My favorite example is something like Substance designer's node graph or Disney's SeExpr. You'd often want custom nodes that do often something trivial like a lookup from a custom data format or a small math evaluation, but you're calling the node potentially a handful of times per pixel, on millions of pixels. The calling overhead often comes out to take as much time or more than the operation, but there's no easy way to rearrange the operations without making things a lot more complicated for everyone.
I kind of like python's approach, make it so slow that it's easy to notice when you're hitting the bottleneck. Encourages you to write stuff that works in larger operations, and you get stuff like numpy and tensorflow which are some of the fastest things out there despite the slowest binding.
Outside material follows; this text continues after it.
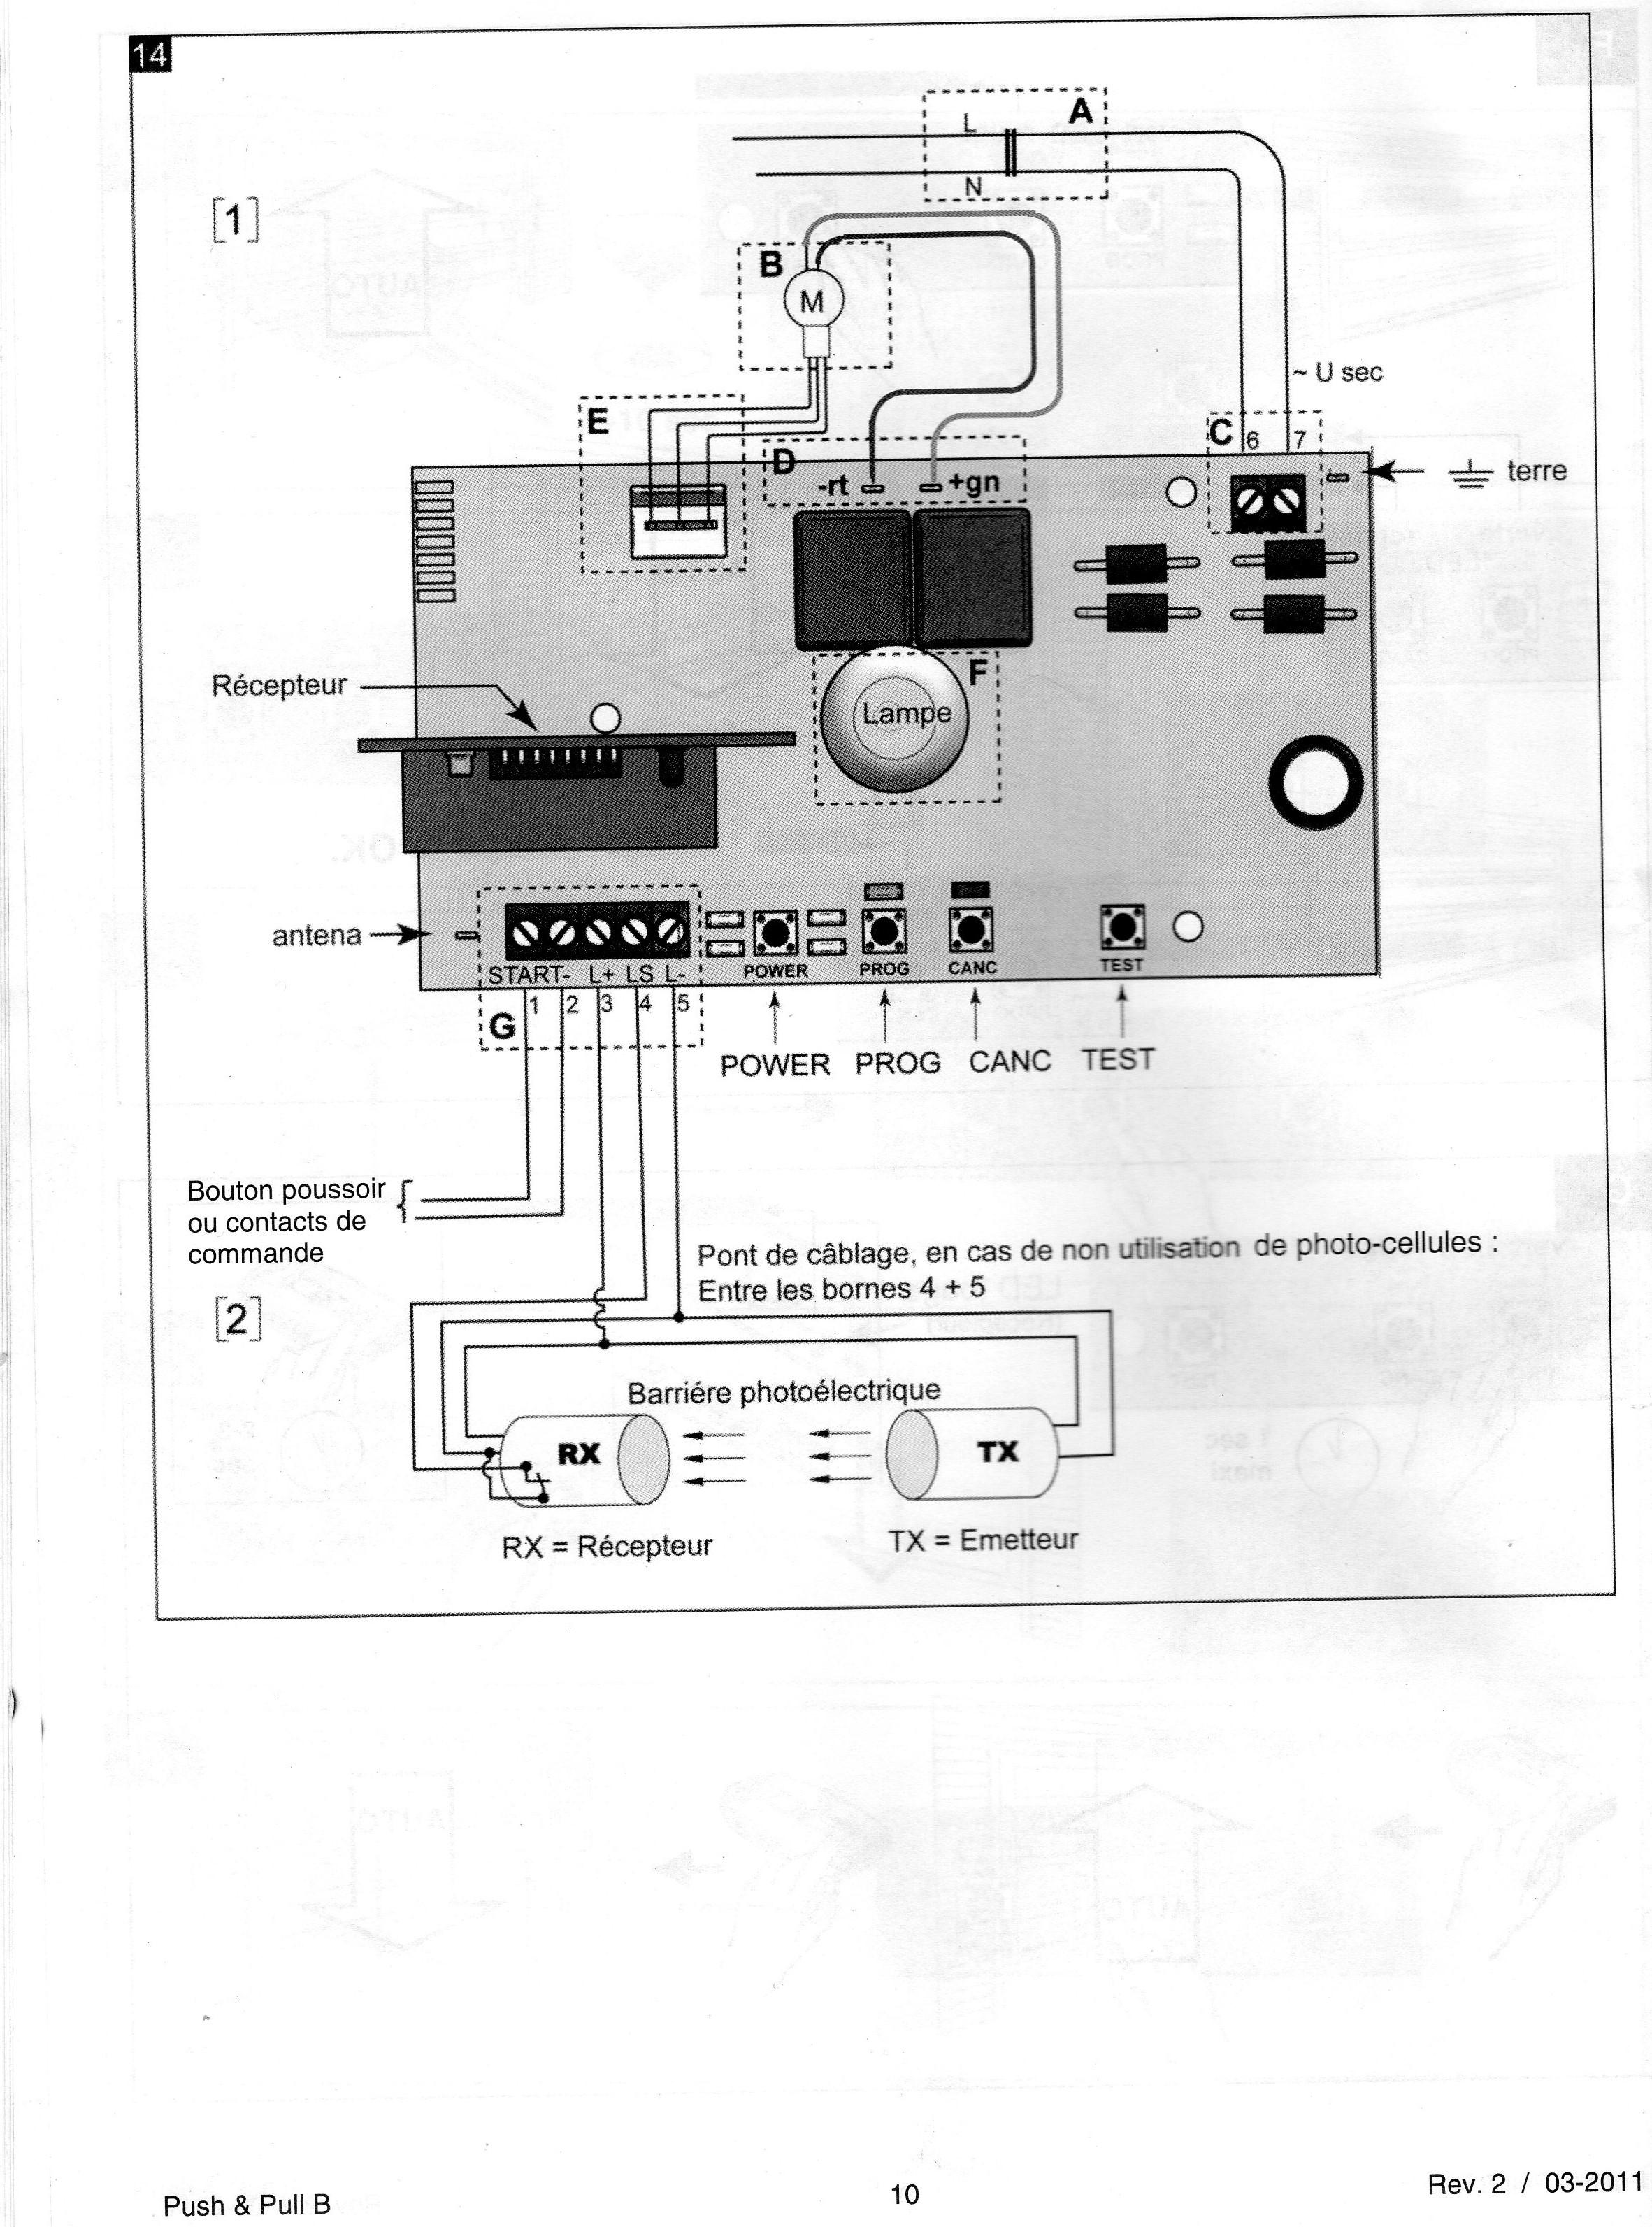 Installation radio recepteur et porte de garage r solue for Branchement porte garage electrique
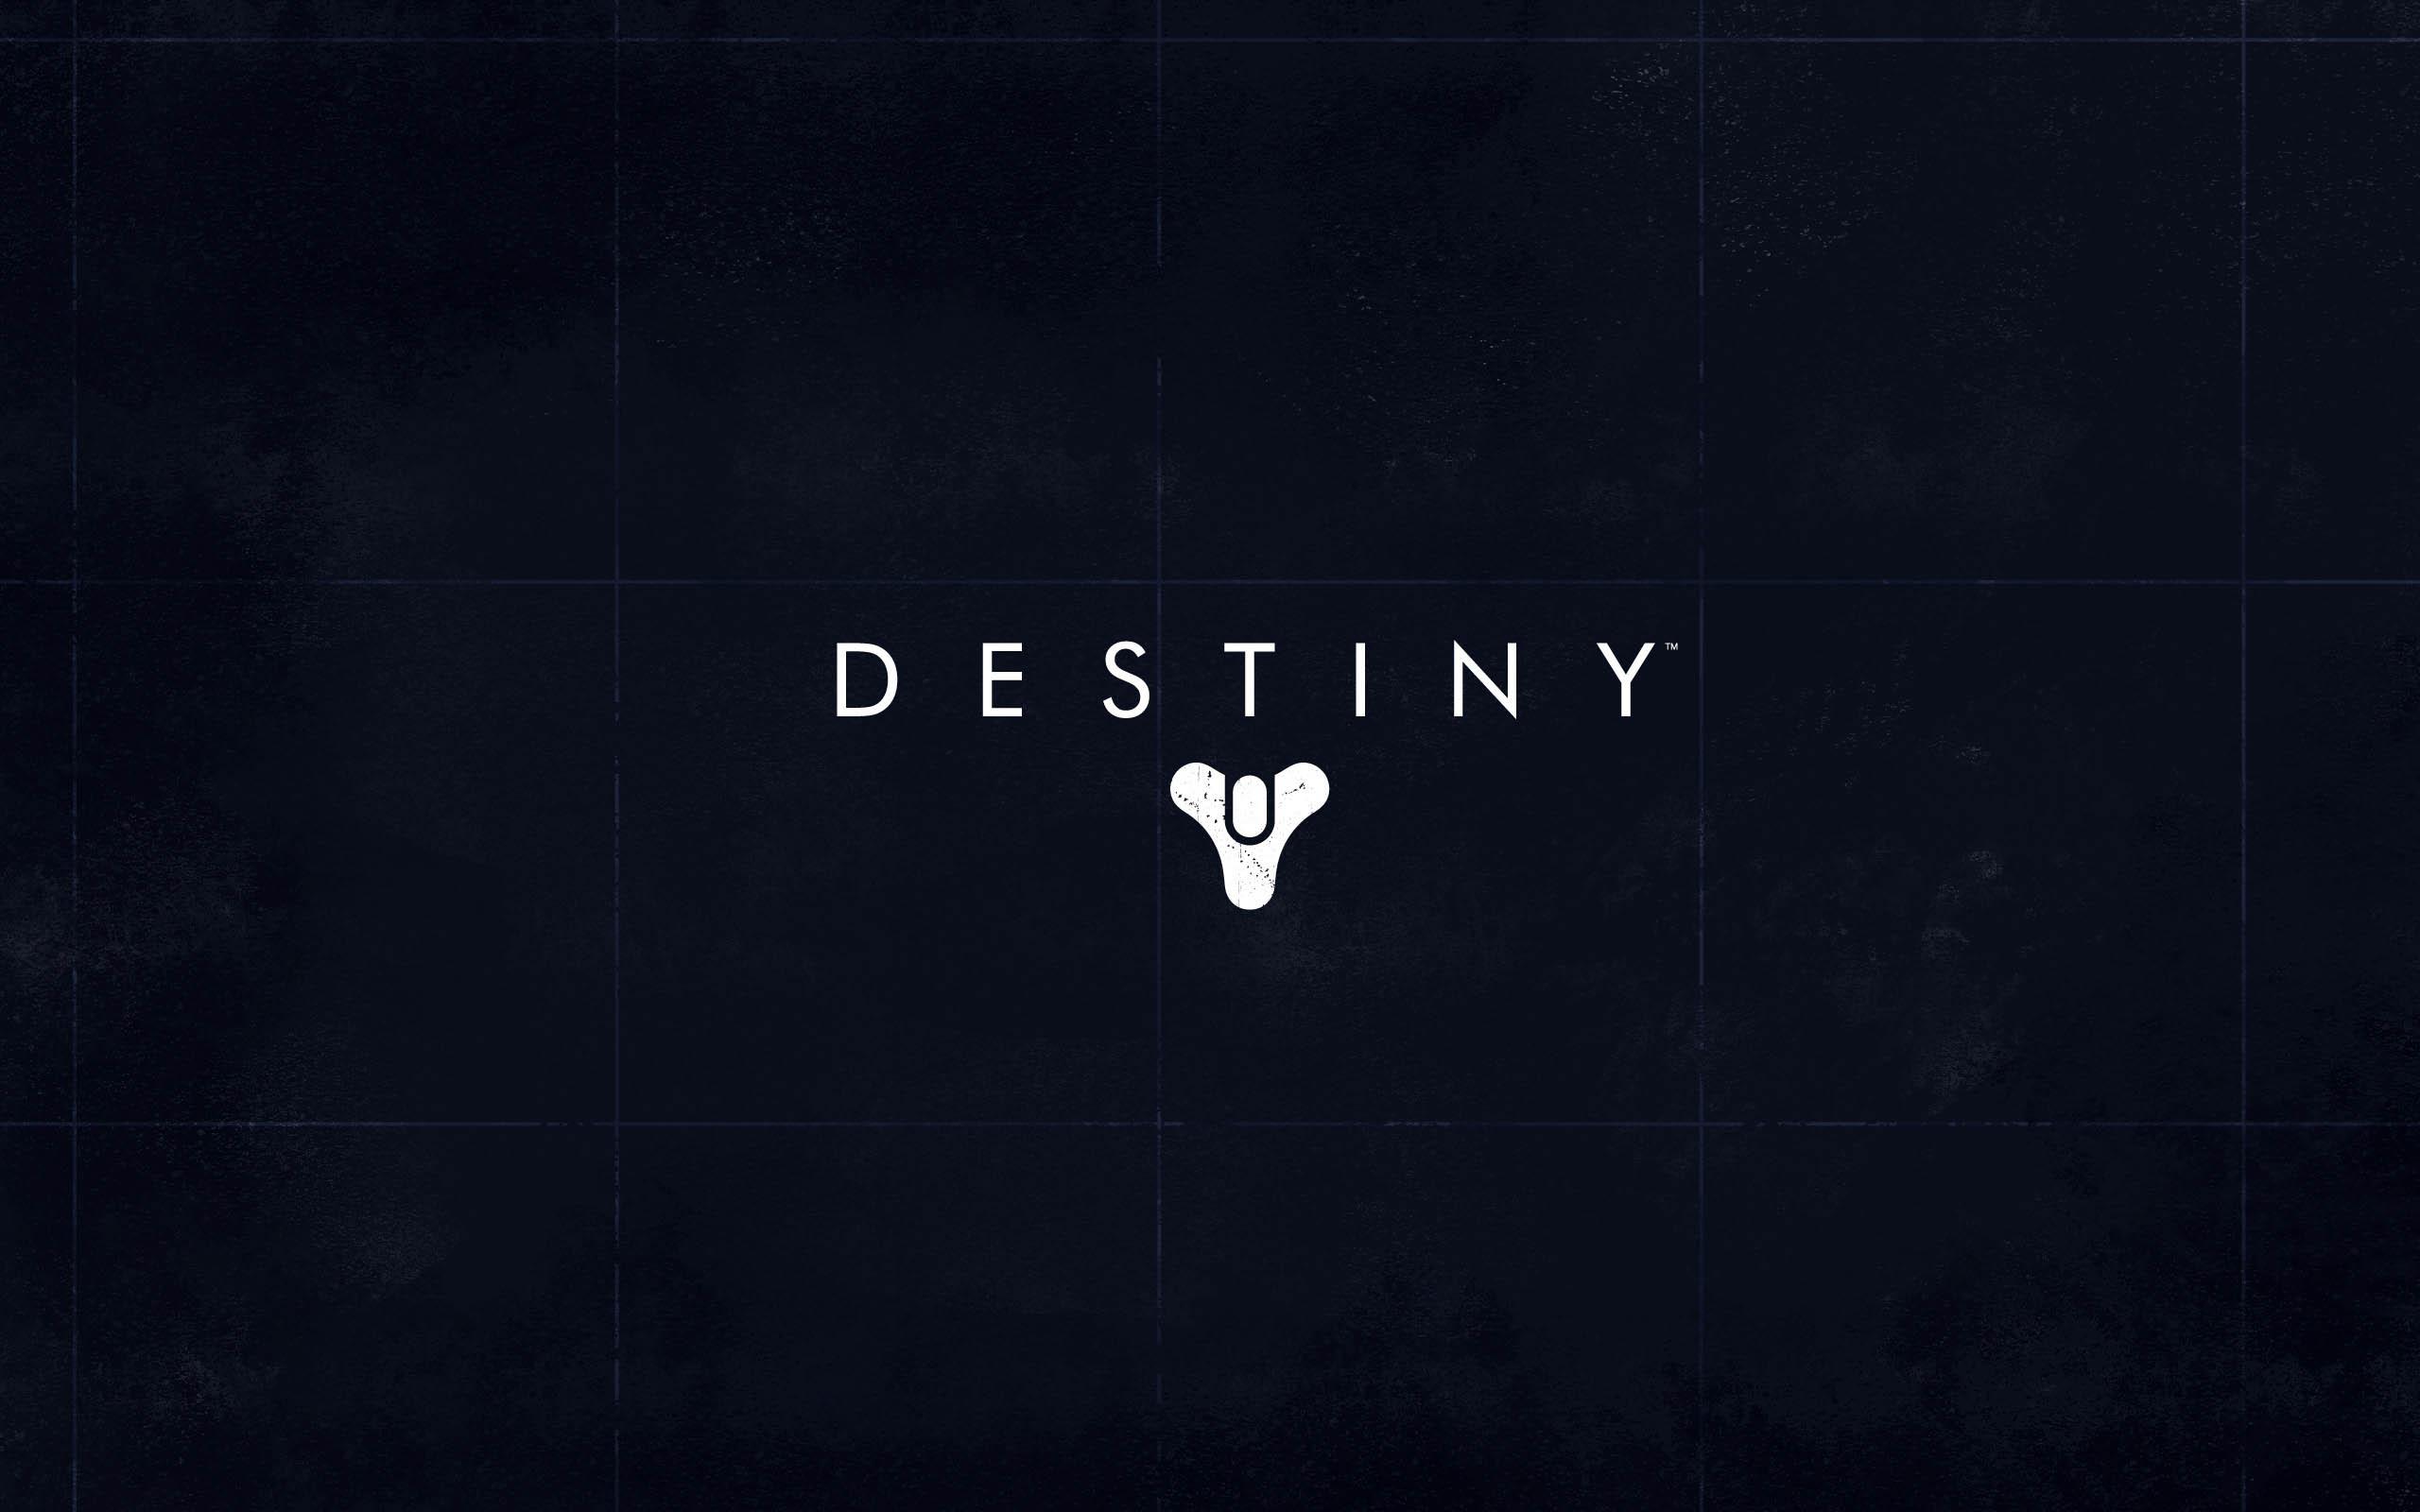 destiny logo hd - photo #16

https://www.disneyanimation.com/technology/seexpr-expression...
Those commands and buffers are represented as C structs. If you're in a language that can't speak C structs (like Java, Go, Dart, JavaScript, etc...), all of those command & buffer setup become function calls rather than simple field writes.
I guess I wasn't clear, but I meant the difference between C and Luajit.
Vulkan. Any sort of binding to Vulkan over a non-trivial FFI (so like, not from C++, Rust, etc...) is going to be murdered by this FFI overhead cost. Especially since for bindings from something like Java you're either paying FFI on every field set on a struct, or you're paying non-trivial marshalling costs to convert from a Java class to a C struct to then finally call the corresponding Vulkan function.